Input data START

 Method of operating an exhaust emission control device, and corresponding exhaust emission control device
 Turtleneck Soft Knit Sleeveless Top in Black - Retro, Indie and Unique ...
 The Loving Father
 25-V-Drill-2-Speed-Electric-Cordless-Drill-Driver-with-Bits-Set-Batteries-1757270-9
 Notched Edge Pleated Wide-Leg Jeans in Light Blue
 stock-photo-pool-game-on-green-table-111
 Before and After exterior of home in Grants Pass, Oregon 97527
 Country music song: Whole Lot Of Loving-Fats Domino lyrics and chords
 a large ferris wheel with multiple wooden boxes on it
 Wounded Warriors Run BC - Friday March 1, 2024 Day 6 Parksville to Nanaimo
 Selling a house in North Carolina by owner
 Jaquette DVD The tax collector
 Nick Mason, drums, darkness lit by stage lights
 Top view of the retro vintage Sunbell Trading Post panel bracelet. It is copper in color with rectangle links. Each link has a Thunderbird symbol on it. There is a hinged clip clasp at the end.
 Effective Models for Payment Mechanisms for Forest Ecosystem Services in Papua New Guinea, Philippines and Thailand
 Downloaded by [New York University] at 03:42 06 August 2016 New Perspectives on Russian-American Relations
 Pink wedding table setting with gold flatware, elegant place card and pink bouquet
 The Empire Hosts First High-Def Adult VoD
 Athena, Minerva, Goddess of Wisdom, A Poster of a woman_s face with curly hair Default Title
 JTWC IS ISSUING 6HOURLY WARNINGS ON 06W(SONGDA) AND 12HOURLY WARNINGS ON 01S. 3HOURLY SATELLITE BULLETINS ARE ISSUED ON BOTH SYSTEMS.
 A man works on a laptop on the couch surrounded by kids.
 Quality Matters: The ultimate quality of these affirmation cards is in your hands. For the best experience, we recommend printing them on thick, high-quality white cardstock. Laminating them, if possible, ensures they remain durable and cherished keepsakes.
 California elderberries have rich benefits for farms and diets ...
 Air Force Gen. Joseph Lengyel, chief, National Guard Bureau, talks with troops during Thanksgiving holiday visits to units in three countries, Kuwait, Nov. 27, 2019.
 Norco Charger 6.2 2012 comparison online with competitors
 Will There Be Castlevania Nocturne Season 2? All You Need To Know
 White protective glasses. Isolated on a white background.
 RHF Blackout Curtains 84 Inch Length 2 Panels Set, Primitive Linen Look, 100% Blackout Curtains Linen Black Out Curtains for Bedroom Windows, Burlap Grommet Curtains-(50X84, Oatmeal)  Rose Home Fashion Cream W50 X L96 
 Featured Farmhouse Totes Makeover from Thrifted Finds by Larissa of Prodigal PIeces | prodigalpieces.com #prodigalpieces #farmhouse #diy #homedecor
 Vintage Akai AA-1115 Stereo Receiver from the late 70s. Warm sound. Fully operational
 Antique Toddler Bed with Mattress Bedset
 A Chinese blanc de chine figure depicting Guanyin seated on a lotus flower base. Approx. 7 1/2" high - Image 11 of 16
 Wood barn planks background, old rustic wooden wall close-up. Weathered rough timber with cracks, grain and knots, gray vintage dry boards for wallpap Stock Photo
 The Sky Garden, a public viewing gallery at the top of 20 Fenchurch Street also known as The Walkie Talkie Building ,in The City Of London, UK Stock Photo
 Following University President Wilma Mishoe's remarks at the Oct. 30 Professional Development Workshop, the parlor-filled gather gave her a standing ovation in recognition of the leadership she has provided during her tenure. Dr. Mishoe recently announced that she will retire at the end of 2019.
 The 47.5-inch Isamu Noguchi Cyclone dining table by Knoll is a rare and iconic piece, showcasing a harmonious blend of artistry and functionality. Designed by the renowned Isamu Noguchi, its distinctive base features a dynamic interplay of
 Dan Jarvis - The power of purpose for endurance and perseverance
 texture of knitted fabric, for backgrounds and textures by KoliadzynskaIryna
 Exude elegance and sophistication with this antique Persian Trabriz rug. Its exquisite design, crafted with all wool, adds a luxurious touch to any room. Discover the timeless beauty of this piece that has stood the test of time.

Input data END

• _Task brief_
Give a word-for-word copy of the records.

• _Problem solution_
 Method of operating an exhaust emission control device, and corresponding exhaust emission control device
 Turtleneck Soft Knit Sleeveless Top in Black - Retro, Indie and Unique ...
 The Loving Father
 25-V-Drill-2-Speed-Electric-Cordless-Drill-Driver-with-Bits-Set-Batteries-1757270-9
 Notched Edge Pleated Wide-Leg Jeans in Light Blue
 stock-photo-pool-game-on-green-table-111
 Before and After exterior of home in Grants Pass, Oregon 97527
 Country music song: Whole Lot Of Loving-Fats Domino lyrics and chords
 a large ferris wheel with multiple wooden boxes on it
 Wounded Warriors Run BC - Friday March 1, 2024 Day 6 Parksville to Nanaimo
 Selling a house in North Carolina by owner
 Jaquette DVD The tax collector
 Nick Mason, drums, darkness lit by stage lights
 Top view of the retro vintage Sunbell Trading Post panel bracelet. It is copper in color with rectangle links. Each link has a Thunderbird symbol on it. There is a hinged clip clasp at the end.
 Effective Models for Payment Mechanisms for Forest Ecosystem Services in Papua New Guinea, Philippines and Thailand
 Downloaded by [New York University] at 03:42 06 August 2016 New Perspectives on Russian-American Relations
 Pink wedding table setting with gold flatware, elegant place card and pink bouquet
 The Empire Hosts First High-Def Adult VoD
 Athena, Minerva, Goddess of Wisdom, A Poster of a woman_s face with curly hair Default Title
 JTWC IS ISSUING 6HOURLY WARNINGS ON 06W(SONGDA) AND 12HOURLY WARNINGS ON 01S. 3HOURLY SATELLITE BULLETINS ARE ISSUED ON BOTH SYSTEMS.
 A man works on a laptop on the couch surrounded by kids.
 Quality Matters: The ultimate quality of these affirmation cards is in your hands. For the best experience, we recommend printing them on thick, high-quality white cardstock. Laminating them, if possible, ensures they remain durable and cherished keepsakes.
 California elderberries have rich benefits for farms and diets ...
 Air Force Gen. Joseph Lengyel, chief, National Guard Bureau, talks with troops during Thanksgiving holiday visits to units in three countries, Kuwait, Nov. 27, 2019.
 Norco Charger 6.2 2012 comparison online with competitors
 Will There Be Castlevania Nocturne Season 2? All You Need To Know
 White protective glasses. Isolated on a white background.
 RHF Blackout Curtains 84 Inch Length 2 Panels Set, Primitive Linen Look, 100% Blackout Curtains Linen Black Out Curtains for Bedroom Windows, Burlap Grommet Curtains-(50X84, Oatmeal)  Rose Home Fashion Cream W50 X L96 
 Featured Farmhouse Totes Makeover from Thrifted Finds by Larissa of Prodigal PIeces | prodigalpieces.com #prodigalpieces #farmhouse #diy #homedecor
 Vintage Akai AA-1115 Stereo Receiver from the late 70s. Warm sound. Fully operational
 Antique Toddler Bed with Mattress Bedset
 A Chinese blanc de chine figure depicting Guanyin seated on a lotus flower base. Approx. 7 1/2" high - Image 11 of 16
 Wood barn planks background, old rustic wooden wall close-up. Weathered rough timber with cracks, grain and knots, gray vintage dry boards for wallpap Stock Photo
 The Sky Garden, a public viewing gallery at the top of 20 Fenchurch Street also known as The Walkie Talkie Building ,in The City Of London, UK Stock Photo
 Following University President Wilma Mishoe's remarks at the Oct. 30 Professional Development Workshop, the parlor-filled gather gave her a standing ovation in recognition of the leadership she has provided during her tenure. Dr. Mishoe recently announced that she will retire at the end of 2019.
 The 47.5-inch Isamu Noguchi Cyclone dining table by Knoll is a rare and iconic piece, showcasing a harmonious blend of artistry and functionality. Designed by the renowned Isamu Noguchi, its distinctive base features a dynamic interplay of
 Dan Jarvis - The power of purpose for endurance and perseverance
 texture of knitted fabric, for backgrounds and textures by KoliadzynskaIryna
 Exude elegance and sophistication with this antique Persian Trabriz rug. Its exquisite design, crafted with all wool, adds a luxurious touch to any room. Discover the timeless beauty of this piece that has stood the test of time.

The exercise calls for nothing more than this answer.